* WORK INSTRUCTIONS
Return only the lines of the data below from the line with "Segelschiff im Gegenlicht" up to and including the line with "Арабский парфюм унисекс", exactly as written, with the pictures omitted.

* DATA LISTING
[Start of section]
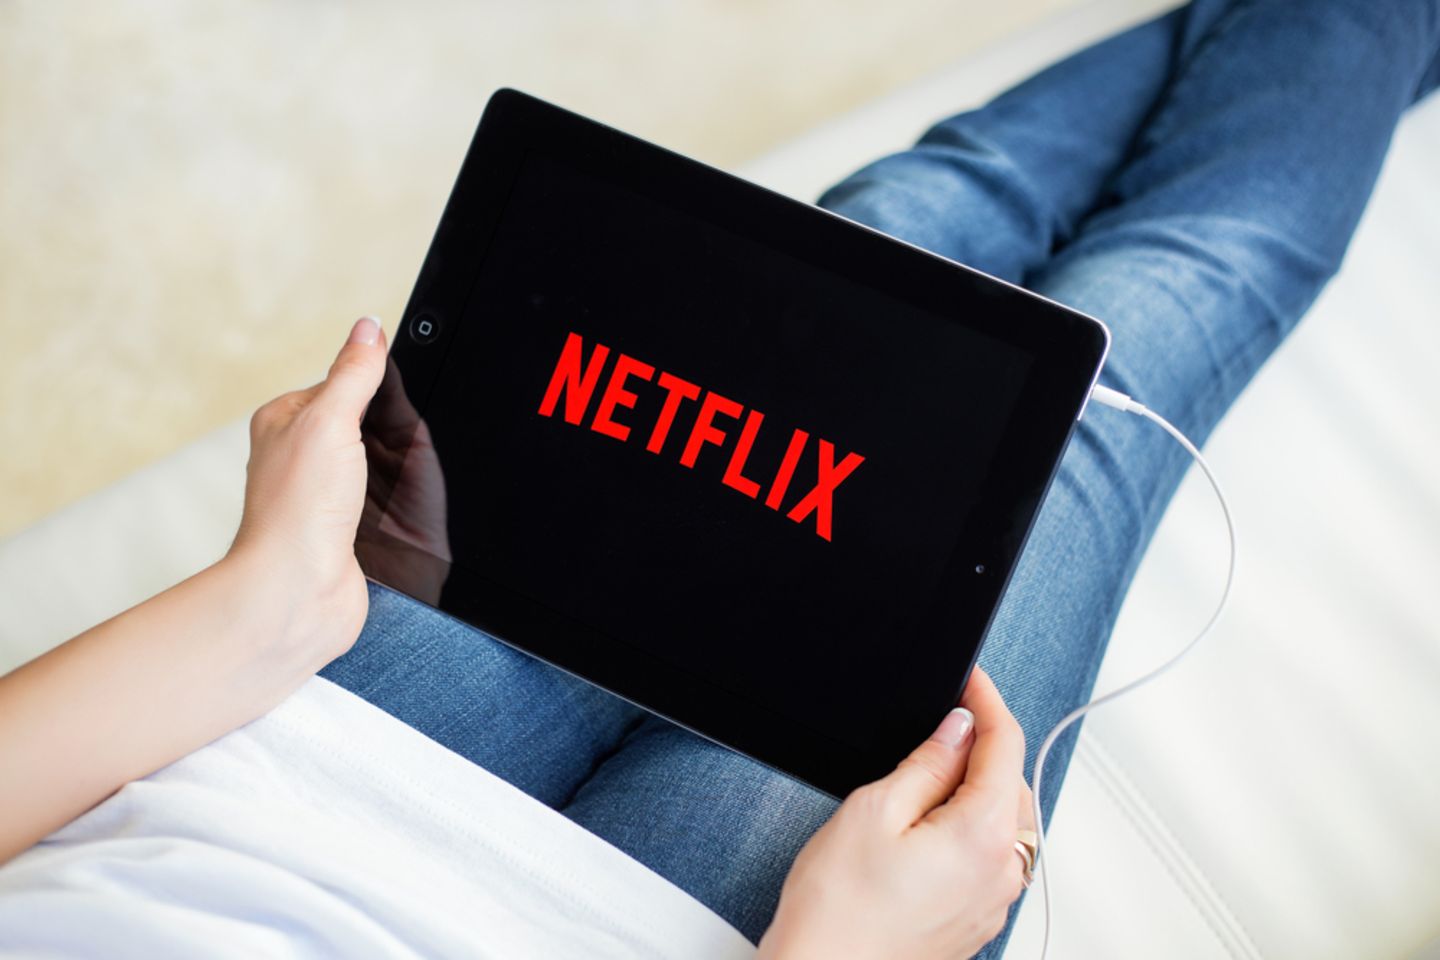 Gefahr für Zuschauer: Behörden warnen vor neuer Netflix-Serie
[End of section]
[Start of section]
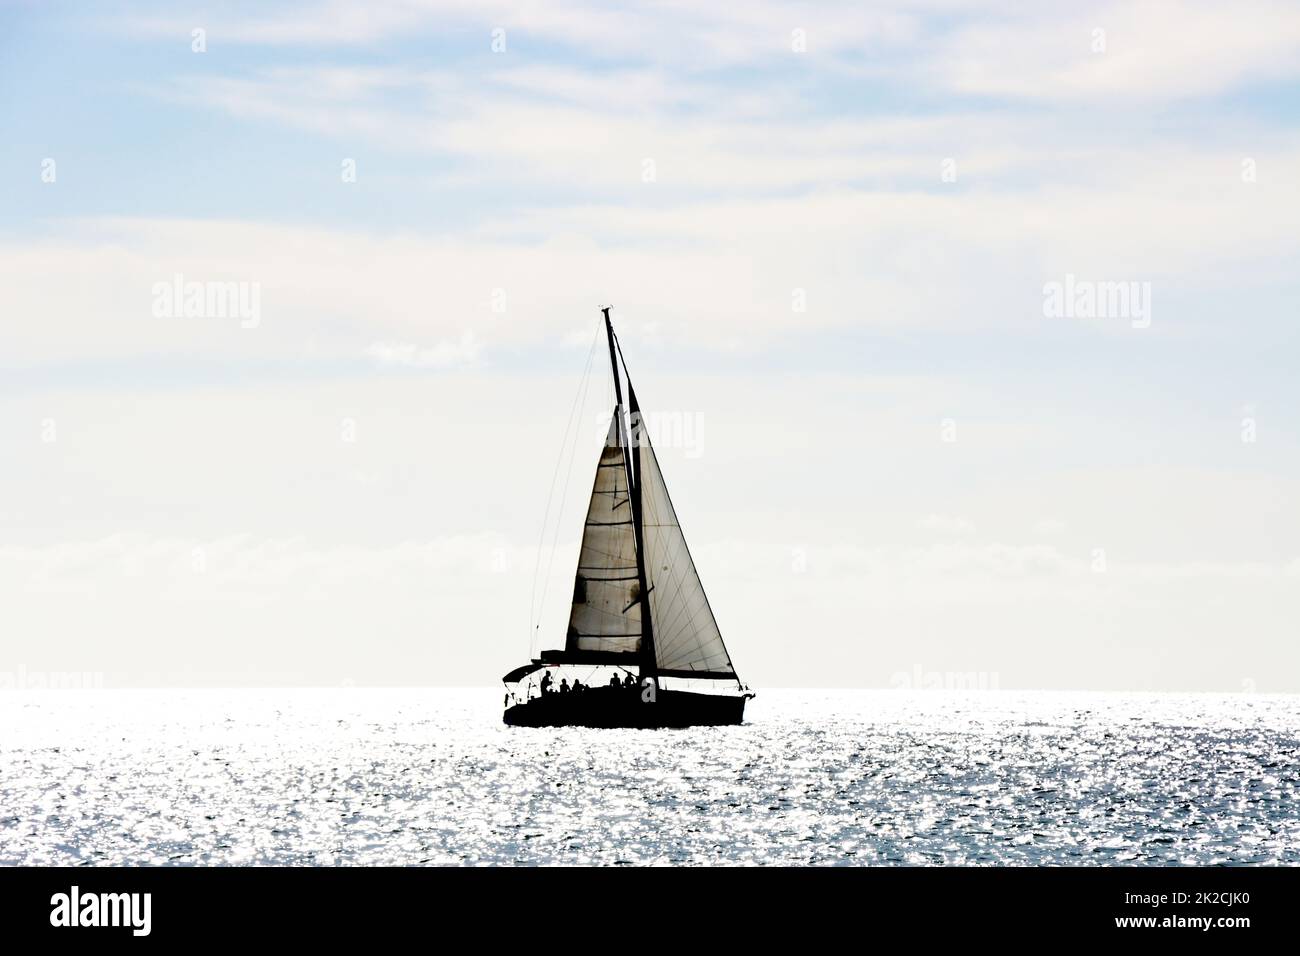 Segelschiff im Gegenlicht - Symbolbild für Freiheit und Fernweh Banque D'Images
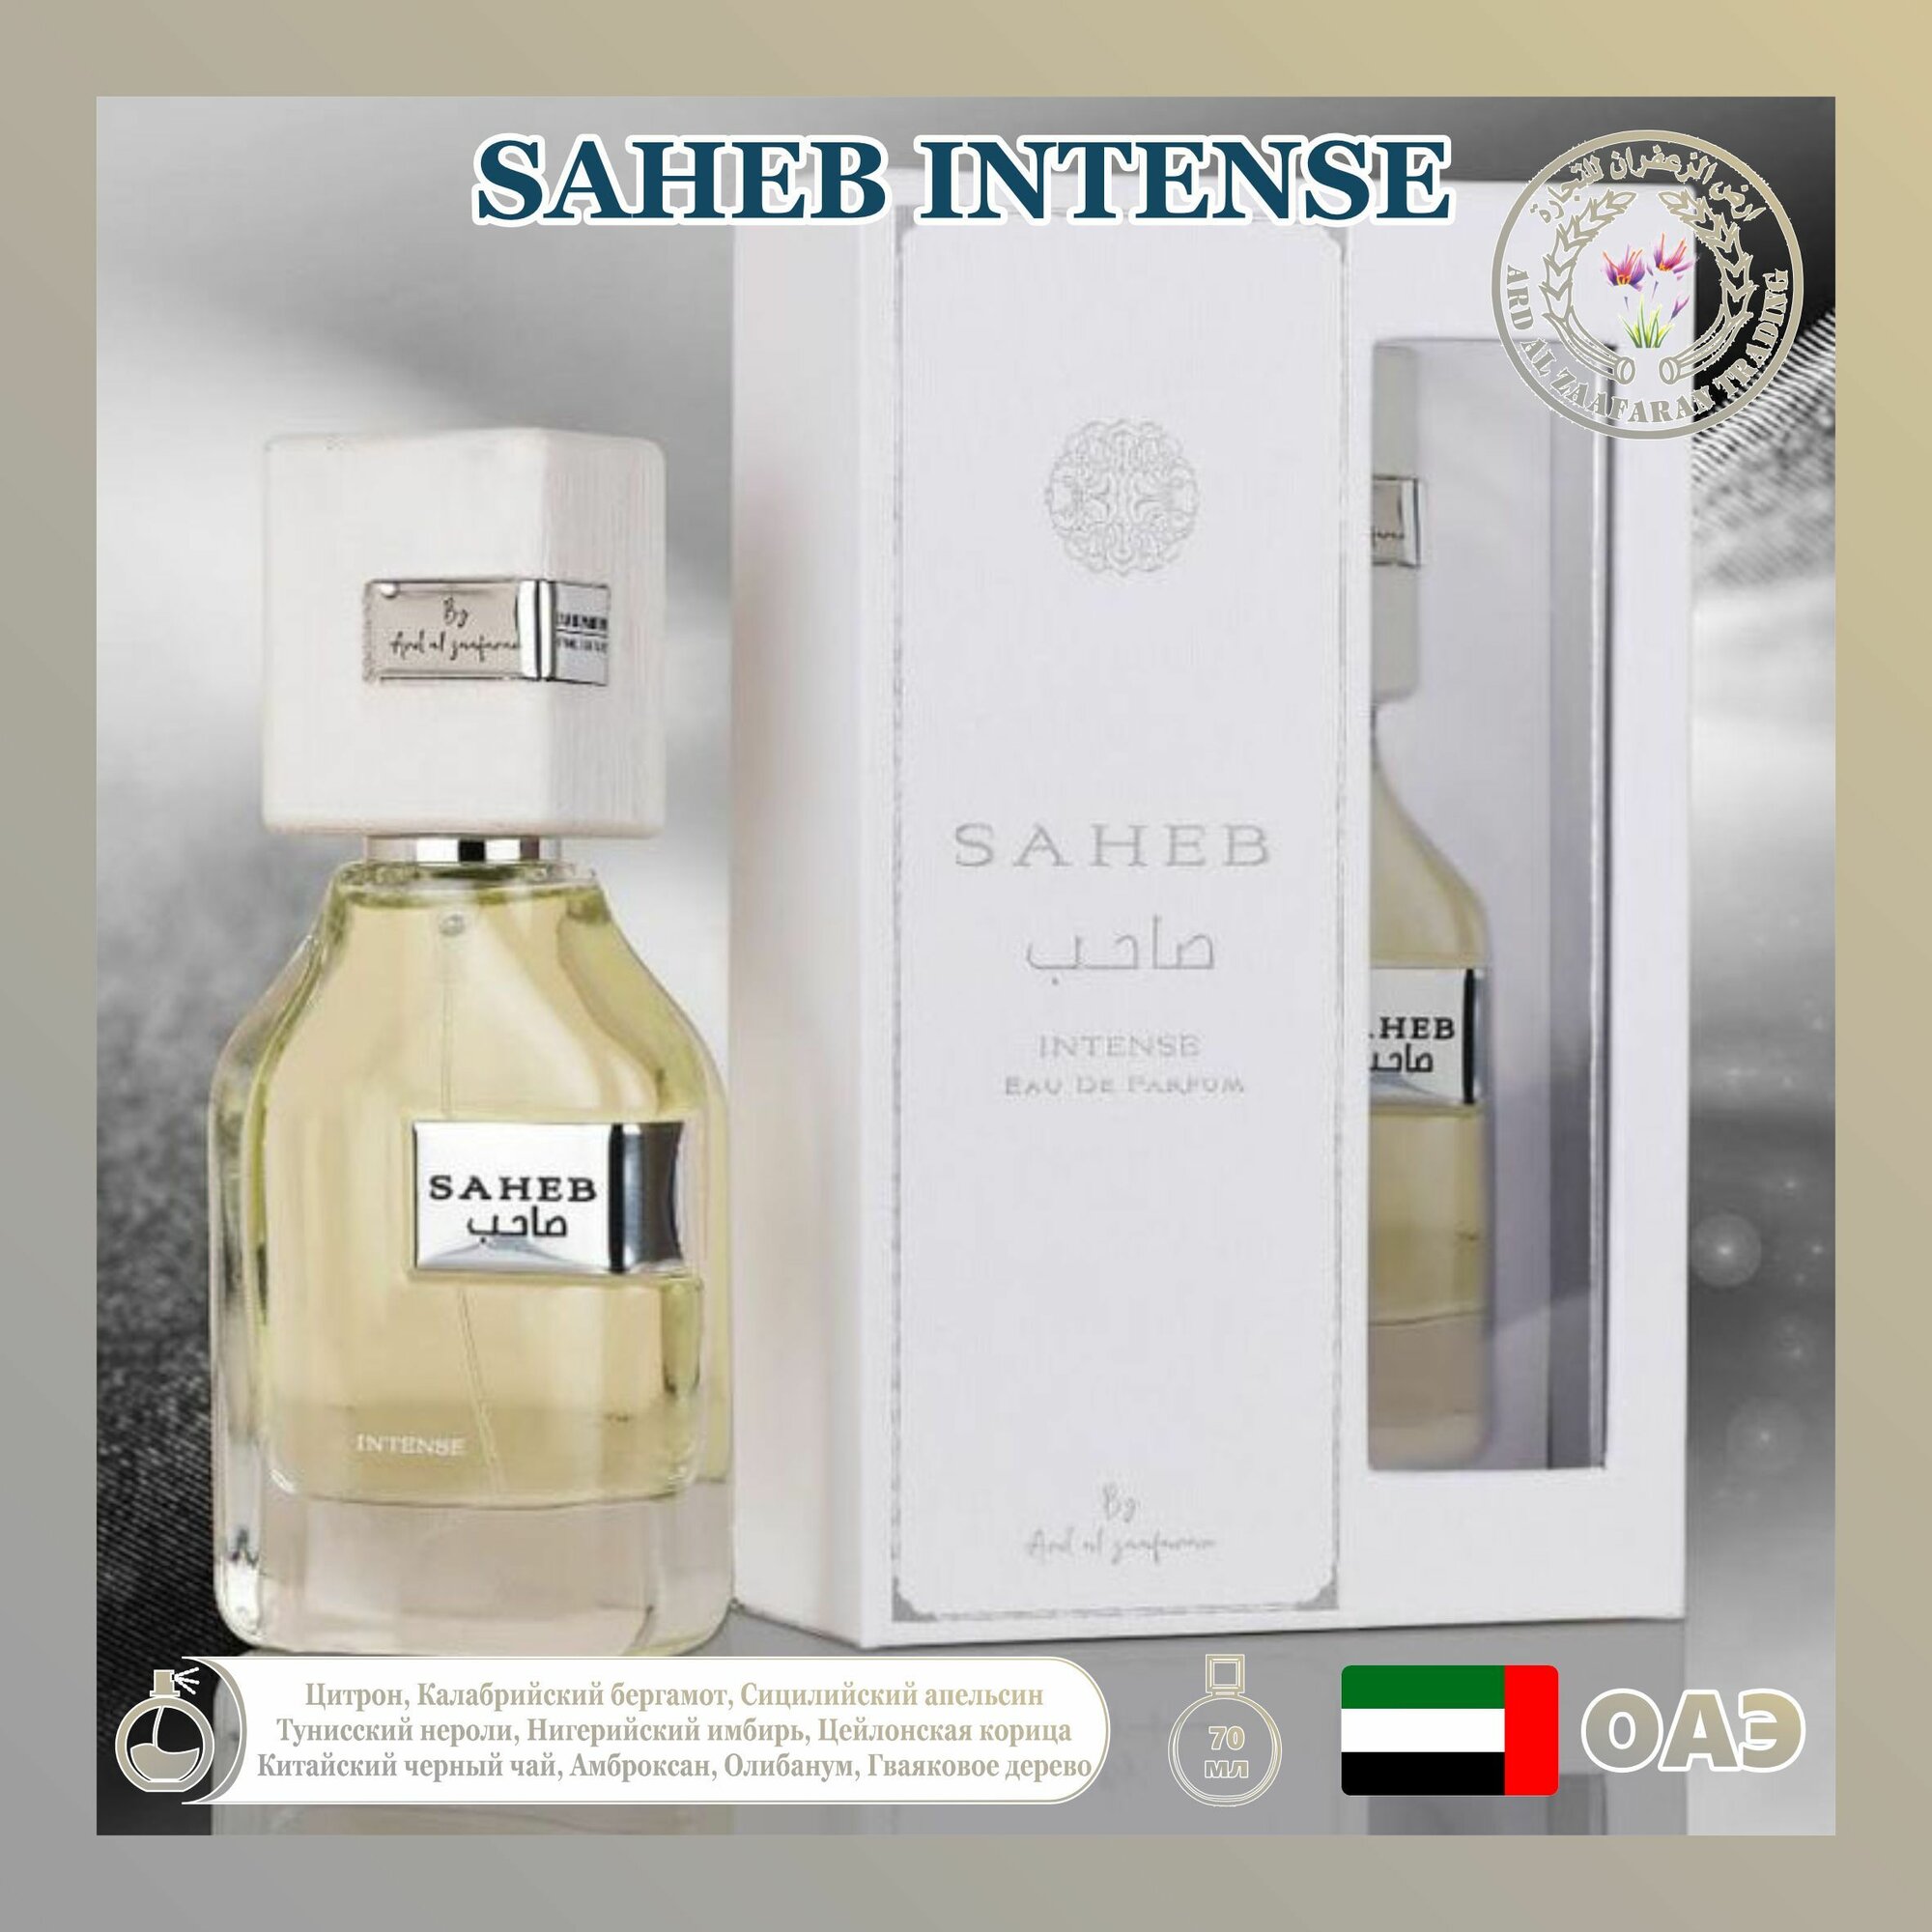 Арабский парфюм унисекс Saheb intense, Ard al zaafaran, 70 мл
[End of section]
* SOLUTION TO THIS TASK
 Segelschiff im Gegenlicht - Symbolbild für Freiheit und Fernweh Banque D'Images
 Арабский парфюм унисекс Saheb intense, Ard al zaafaran, 70 мл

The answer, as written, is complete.